The university has excluded from reduction items that, if cut, would harm the core mission of Michigan State University, pose legal or regulatory issues, or otherwise do more damage than the targeted cuts would ultimately produce. Specifically, expenses such as utilities, benefits (health, retirement, social security, etc.), software contractual obligations for central systems, library collections subscription agreements, and financial aid were excluded from targeted reductions. All collective bargaining agreements will continue as bargained.
A substantial portion of reductions should come from permanently ending programs, services or activities that are underperforming. Executive managers and deans historically follow the same raise guidelines as faculty and academic staff. This year, executive managers and deans with salaries greater than $200,000 will have a reduced merit pool compared to faculty and academic staff.
There are no planned reductions to benefits at this time.
To ensure that we carefully monitor new hires during a time of significant financial uncertainty, MSU is implementing a university-wide hiring review of all positions to be filled. Full-time mission critical positions and on-call seasonal positions needed to support operations will be given priority.
Faculty recruitments currently completing the recruitment cycle for fall 2025 start dates will continue as planned. Proposed positions with secure funding sources should be advanced for consideration, particularly if they are mission critical. The hiring review will continue through fiscal year 2026 after which time the need to continue the review will be assessed. The university is also setting aside sufficient funding to ensure that our base level of functioning as an AAU Land-Grant Public University can continue.
The annual review of the university budget and tuition rates is scheduled each year for the June meeting of the Board of Trustees. The board recently approved the university’s $3.69 billion fiscal year 2025-26 operating budget, which also includes a modest 4.5% tuition increase in average resident undergraduate rates for the upcoming academic year.
The board carefully considers tuition rates as part of its responsibility to balance access and affordability while also ensuring the resources necessary to support MSU’s mission as a world-class research institution.
The Board of Trustees is committed to ensuring Michigan State University is best positioned to deliver exceptional academic programs that equip students for success now and in the future.
The board thoroughly evaluated the administration’s proposed budget to be sure it achieves a balanced approach that thoughtfully addresses structural budget issues, makes critical investments across campus to support growth, and prioritizes an outstanding, affordable education for students.
The university can make responsible budgeting decisions to achieve savings while still following through on investments and commitments that are critical to the long-term health, growth and vitality of our institution.
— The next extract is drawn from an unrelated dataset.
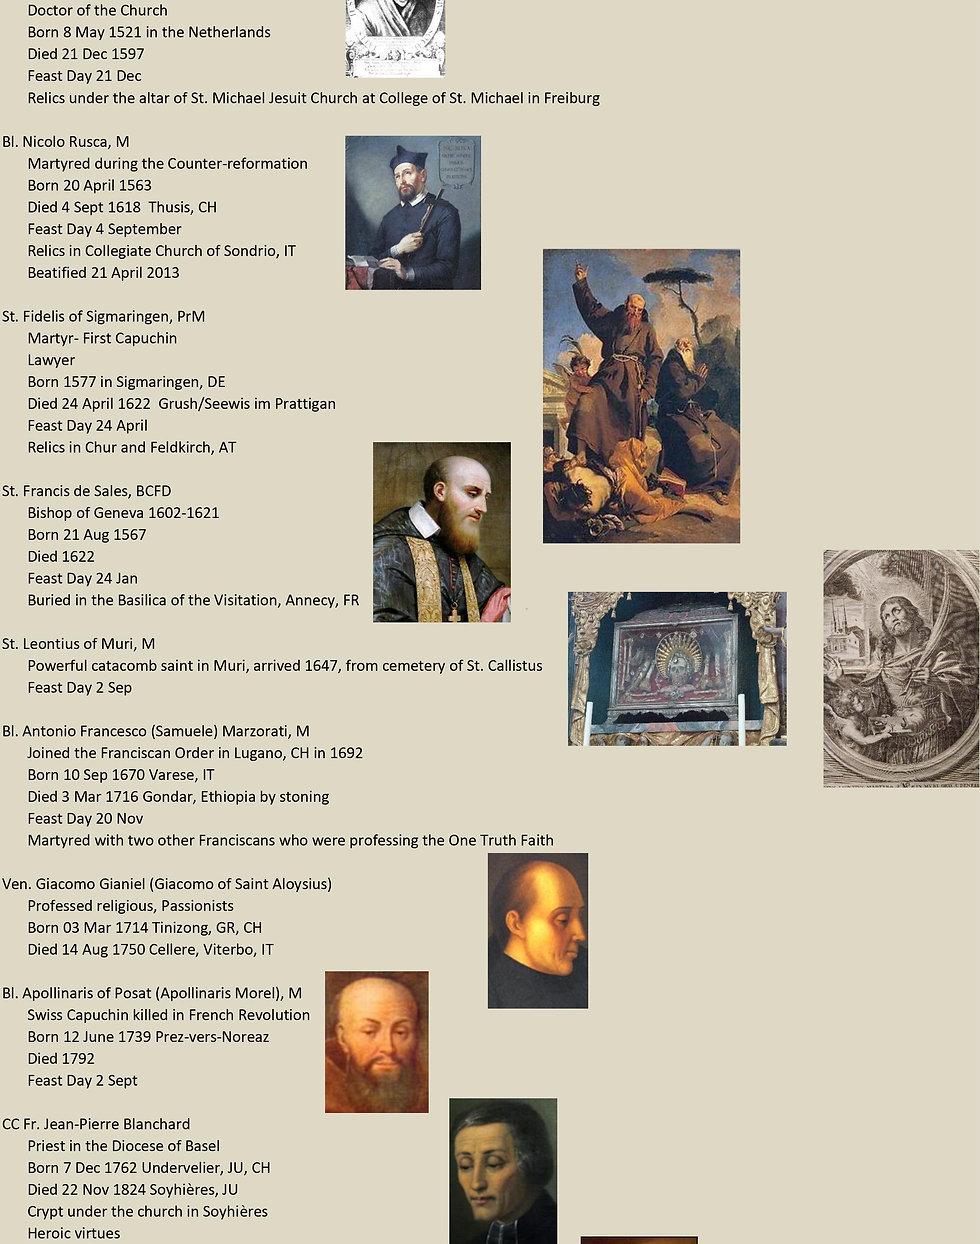 Liste de tous les saints suisses 23 sur 31

The university is working to reduce general fund expenditures, which are separate from capital improvements.
The next few months of financial planning will be demanding and difficult for some in our community, and we will need to make hard decisions that will impact people we care about. Our goal has been — and will be — to do our best to support our people while making the necessary strategic decisions for the long-term success of MSU.
It is important to note that cuts to higher education are part of the proposed state House budget. That proposal differs significantly from the Senate budget proposal and the executive recommendation put forth by Gov. Whitmer.
University leadership will continue to meet with state elected leaders to advocate for a reasonable and responsible state budget that reflects our shared priorities and acknowledges the valuable role MSU plays in preparing our workforce and helping to drive Michigan’s economy.